The Covid-19 crisis left highways empty in March and April 2020, shut down industries, and forced millions of people to stay at home. In turn, this led to a complete collapse in the demand for oil. Ongoing price wars between Saudi Arabia and Russia did come to a halt. This was not enough to make up for the collapse in demand for crude oil. Consequently, all these factors set the stage for the markets to dip alarmingly low.
How Did This Affect Forex and Crypto Markets?
The drop in oil prices left financial markets in an uncertain state that affects both crypto and forex markets and indices’ volatility.
Following the crash of ‘black gold’, the top cryptocurrency Bitcoin faced rejection above $7,200, according to CoinDesk’s Bitcoin Price Index. Speculators are insisting that the value of BTC may be linked to losses in the equities market, rather than the fall in demand for crude directly.
Apart from the expected downward trend in the crypto market, cryptocurrencies are being affected by another argument.
The Commodity Futures Trading Commission (CFTC) and other regulators classify Bitcoin as a financial commodity. Opinionists are comparing Bitcoin to crude oil given that both are technically commodities.
An interesting argument contemplates a financial commodity’s value and whether it is based on another commodity. What if that commodity is trading at negative prices? Due to this, it is claimed that oil prices falling below $0 might open the door for Bitcoin ETFs. Market liquidity would help the price of ETF to regulate the market value of such an underlying asset and so enabling transparency for all investors.
The price of crude oil and currencies are interchangeably linked. When one of these variables rises or falls, it is bound to force a reaction in the other. Why? Resource distribution, the psychology of the market, and the balance of trade amongst others.
Given that oil is quoted in USD, the US dollar was affected very negatively by this drop in oil prices. Economists claim that the worst is yet to come since ongoing problems on the oil front could easily lead to the collapse of the dollar.

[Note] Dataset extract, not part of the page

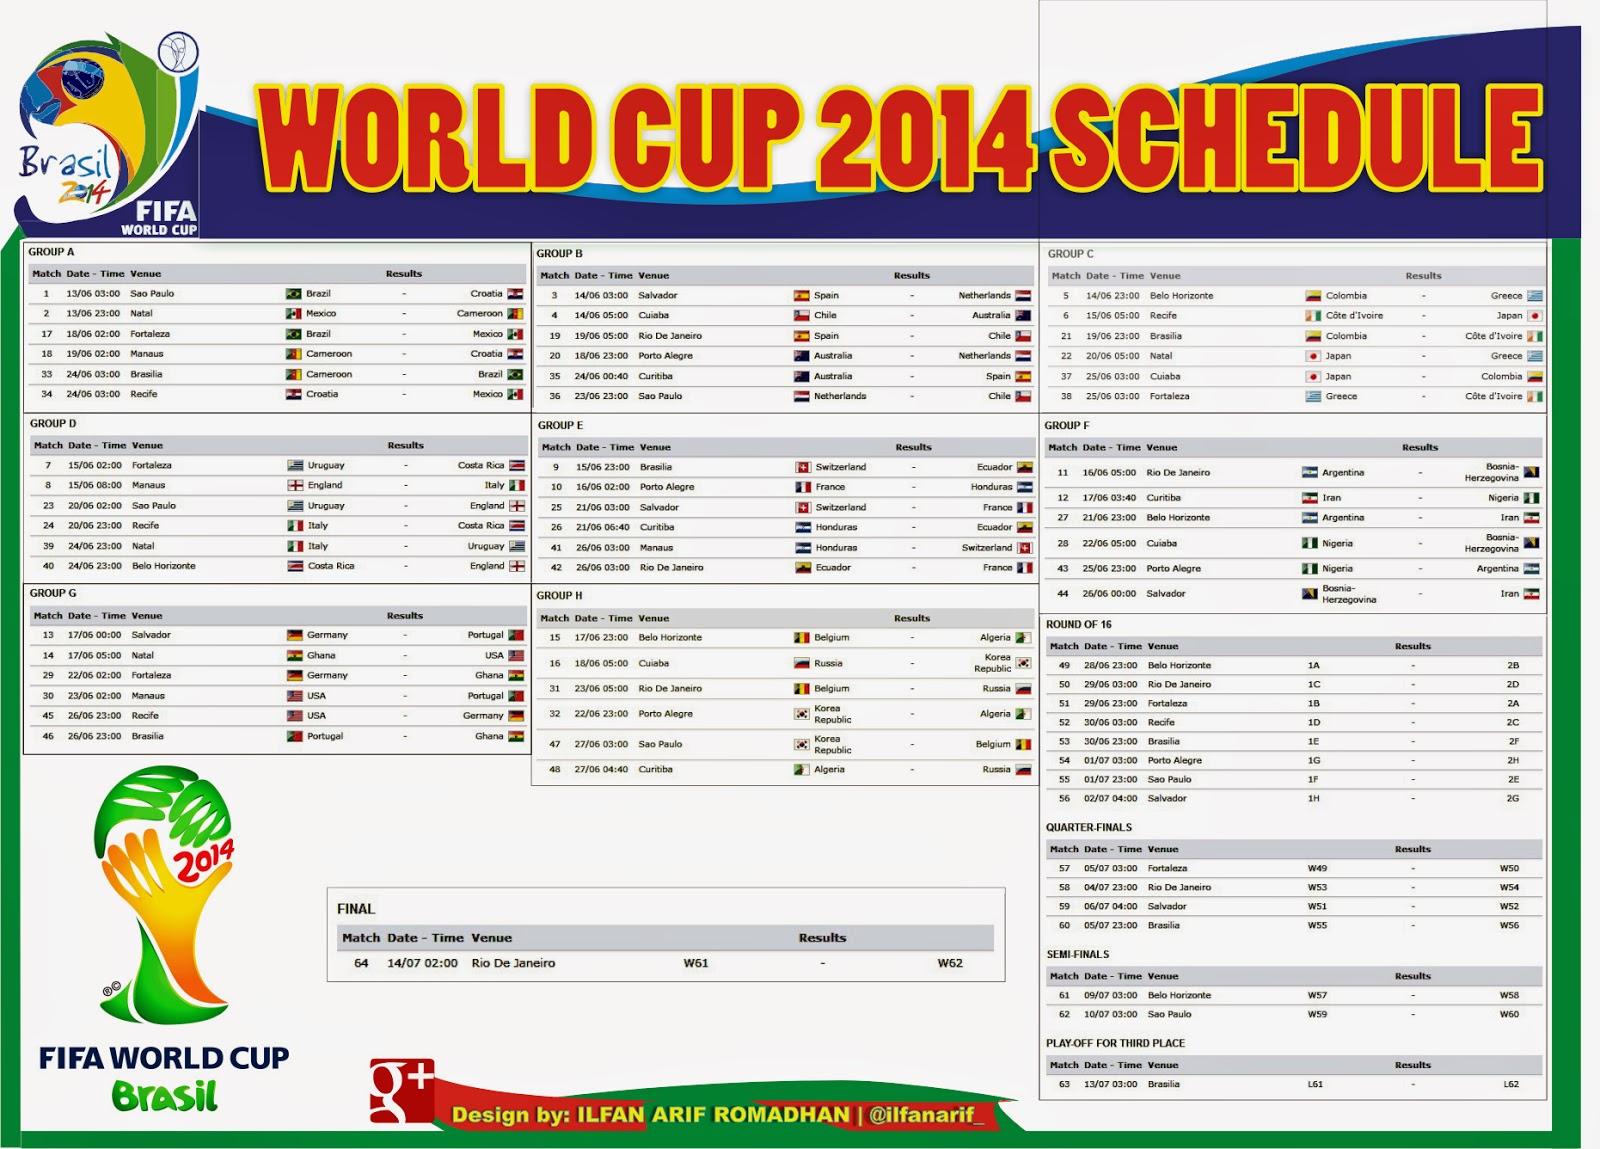 Download jadwal piala dunia 2014 excel.

Business activity in the Eurozone slumped to record lows this April. It was aided by other factors pertaining to the Coronavirus pandemic which is sweeping the continent.

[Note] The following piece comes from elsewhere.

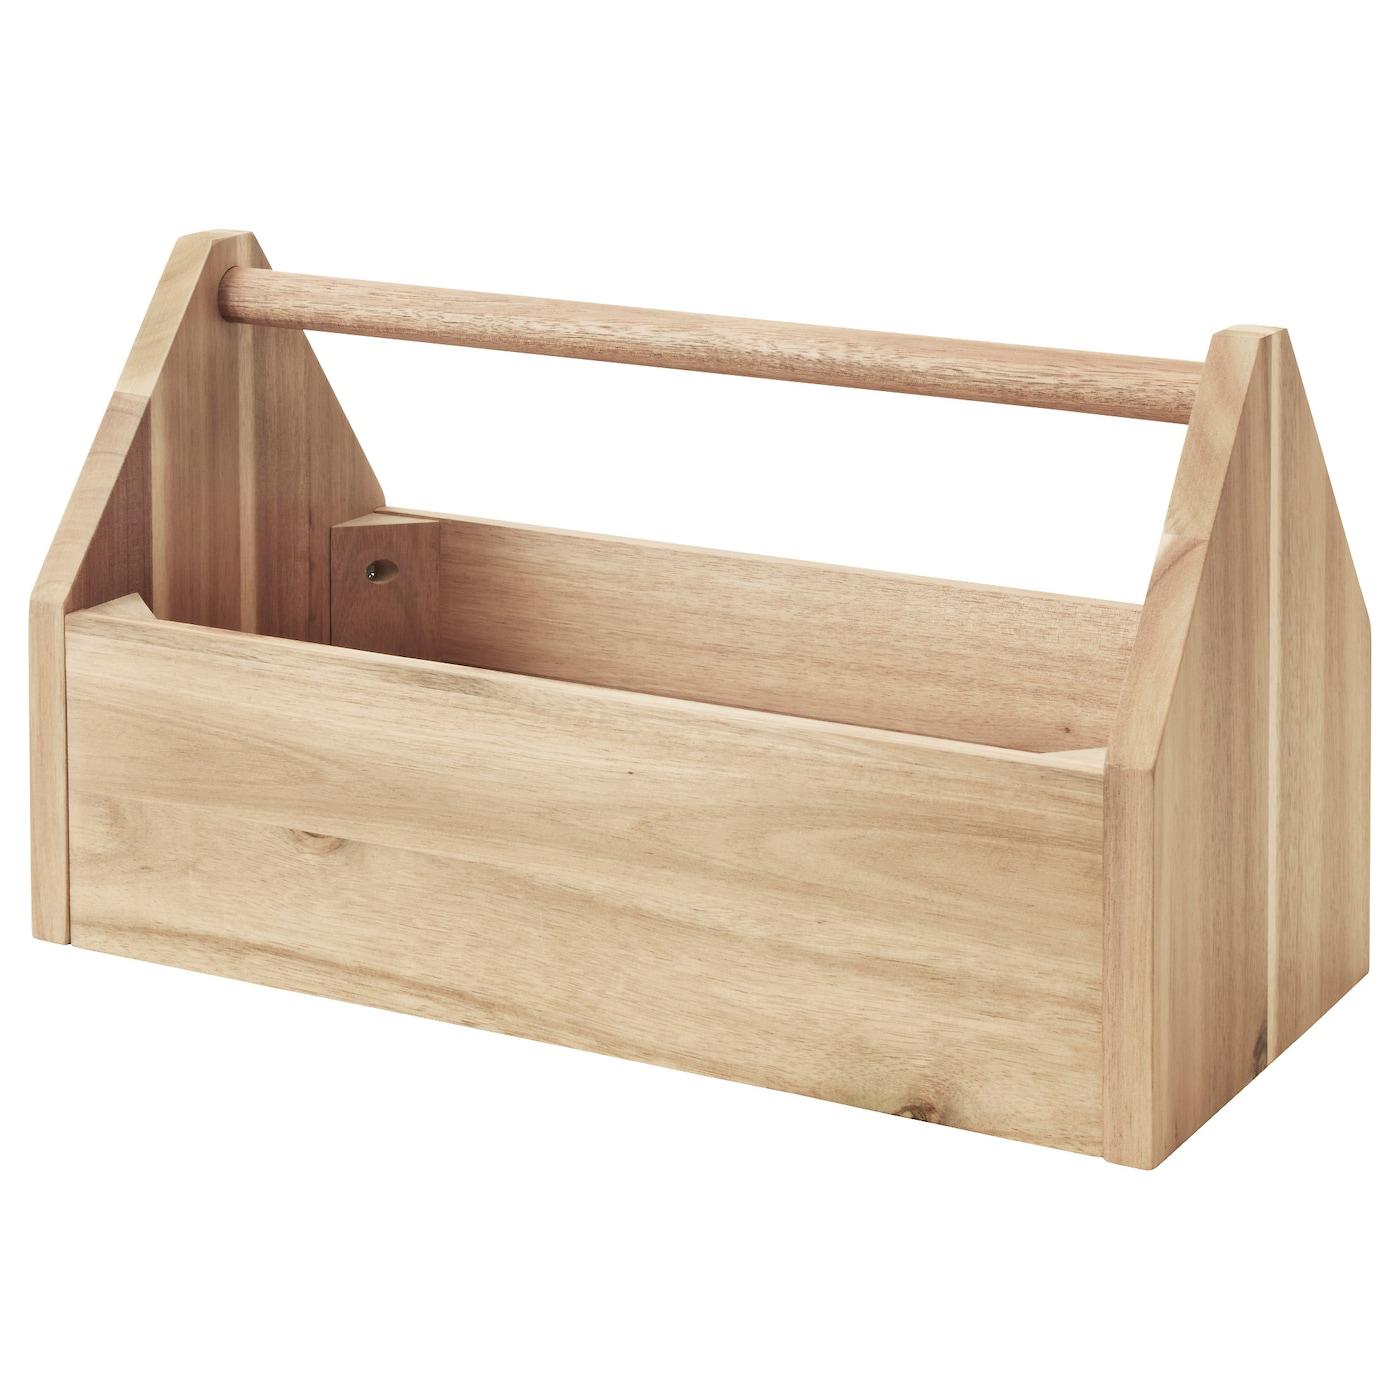 Ikea Skogsta Box With Handle

How Will This Influence Your Trading?
It is worth noting that a week after it happened the markets are already recovering. The price of the key U.S. benchmark West Texas Intermediate skyrocketed to 18% in early trading this morning. Despite this, analysts predict more ‘carnage’ as the virus continues to inject imbalances across all financial markets. One thing is for sure though. Trading on the oil market right now will most definitely have a negative impact on your trades. Instability will remain at an all-time high.